Despite the Complaint in this matter being filed on January 16, 2004, the Grade Summons was not tried until April 22, 2004. The Honorable Dennis LaHiff, J.M.C., Municipal Court, Waldwick, New Jersey ("Judge LaHiff"), presided over the trial and convicted Plaintiff of violating Montvale Ordinance § 104-9. Judge LaHiff also presided over the Permit Summons trial and denied Plaintiff's motion to dismiss on June 29, 2004. On September 23, 2004, following trial, Judge LaHiff found Plaintiff guilty of violating N.J.A.C. 5:23-2.14. Plaintiff appealed both convictions to the Superior Court, Law Division, Bergen County. By Order dated April 28, 2005, the Honorable Joseph S. Conte, J.S.C., Superior Court, Law Division, Bergen County ("Judge Conte"), affirmed both convictions. Plaintiff did not take an appeal from Judge Conte's decision.

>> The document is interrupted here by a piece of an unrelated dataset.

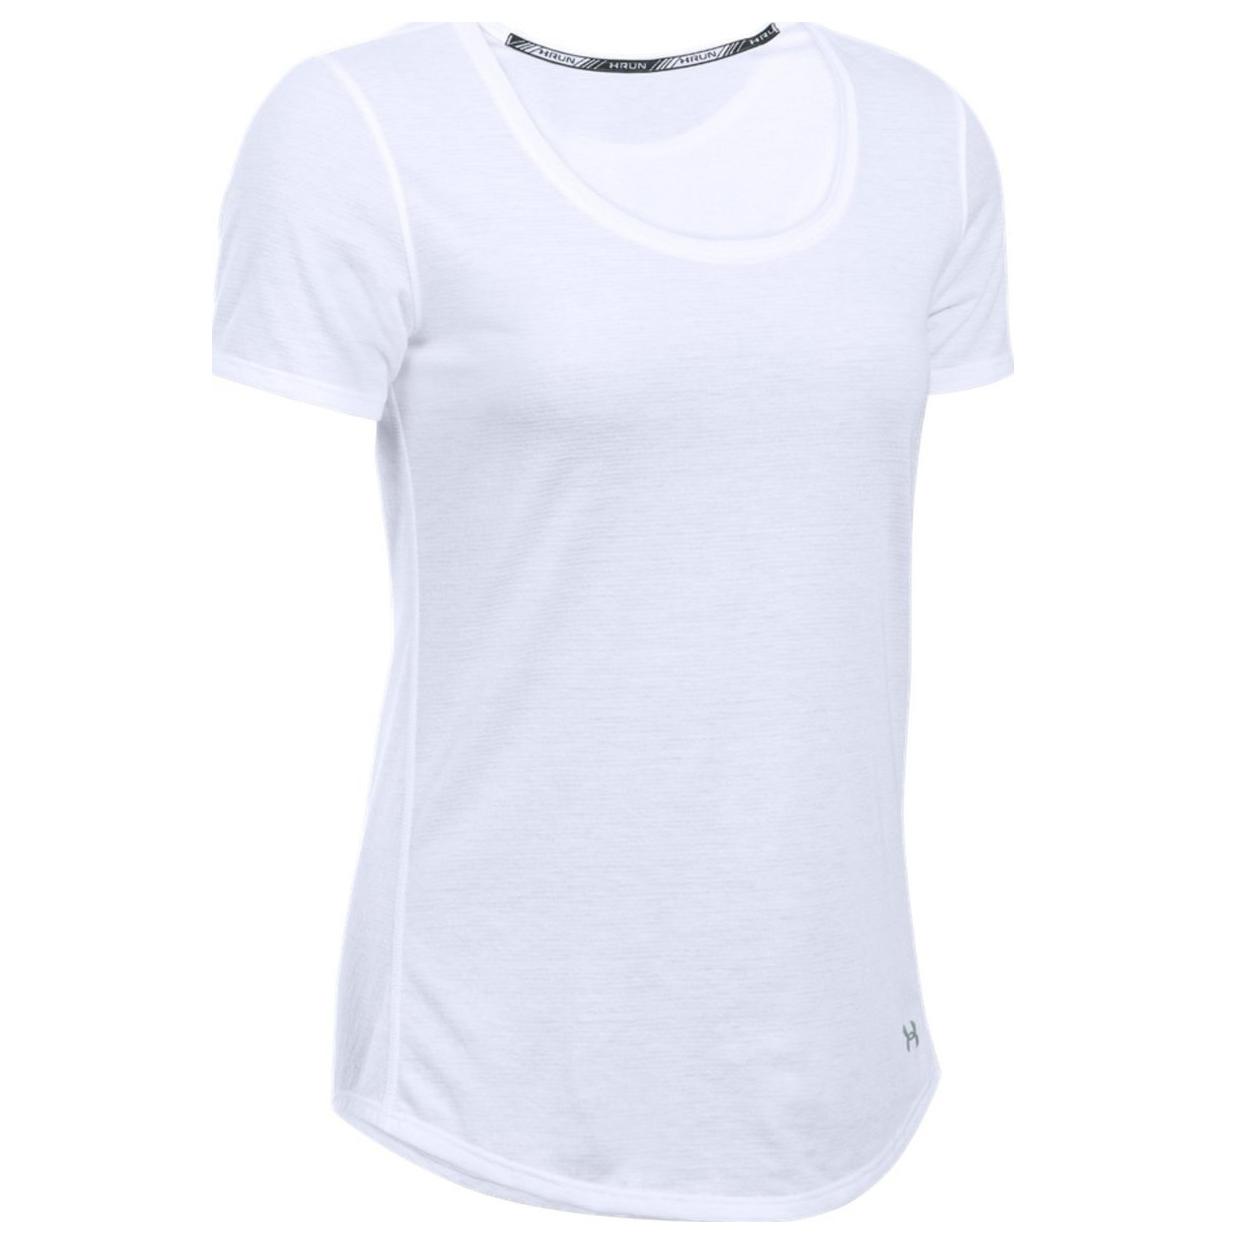 تی شرت آستین کوتاه ورزشی زنانه آندر آرمور مدل 1271517-100

The Court notes that Plaintiff's malicious prosecution causes of action based on the Permit and Grade Summons were not ripe until such hearings were held and an appeal taken. However, Defendants have not raised this argument and the Court will instead address such causes of actions on the merits.

This matter was transferred to the town of Waldwick, New Jersey due to Plaintiff's pending federal lawsuit against Montvale.

3. The Pizzeria Incident

Plaintiff alleges that on October 10, 2003, Plaintiff encountered a Montvale police detective and Park Ridge Sergeant Coughlin in a local pizzeria (the "Pizzeria Incident"). (Compl. ¶ 5(e)). Plaintiff further alleges that the two verbally abused Plaintiff and that Coughlin threatened to harass Plaintiff if he were to travel in Park Ridge. (Compl. ¶ 5(e)). Defendant Coughlin denies that he verbally abused or threatened Plaintiff. Plaintiff alleges that following the Pizzeria Incident, "[f]or sometime thereafter, Plaintiff avoided driving in Park Ridge, which was quite a burden." (Varriale Aff. ¶ 14). Plaintiff admits that following the Pizzeria Incident, he did not speak with Coughlin again. (Varriale Dep. 125:3-5, Feb. 28, 2005). Plaintiff also admits that as of the date of his deposition taken on February 28, 2004, he has traveled to Park Ridge since the Pizzeria Incident. (Varriale Dep. 126:1-9; 127:15-24, Feb. 28, 2005).

Such detective is not a named defendant in this action.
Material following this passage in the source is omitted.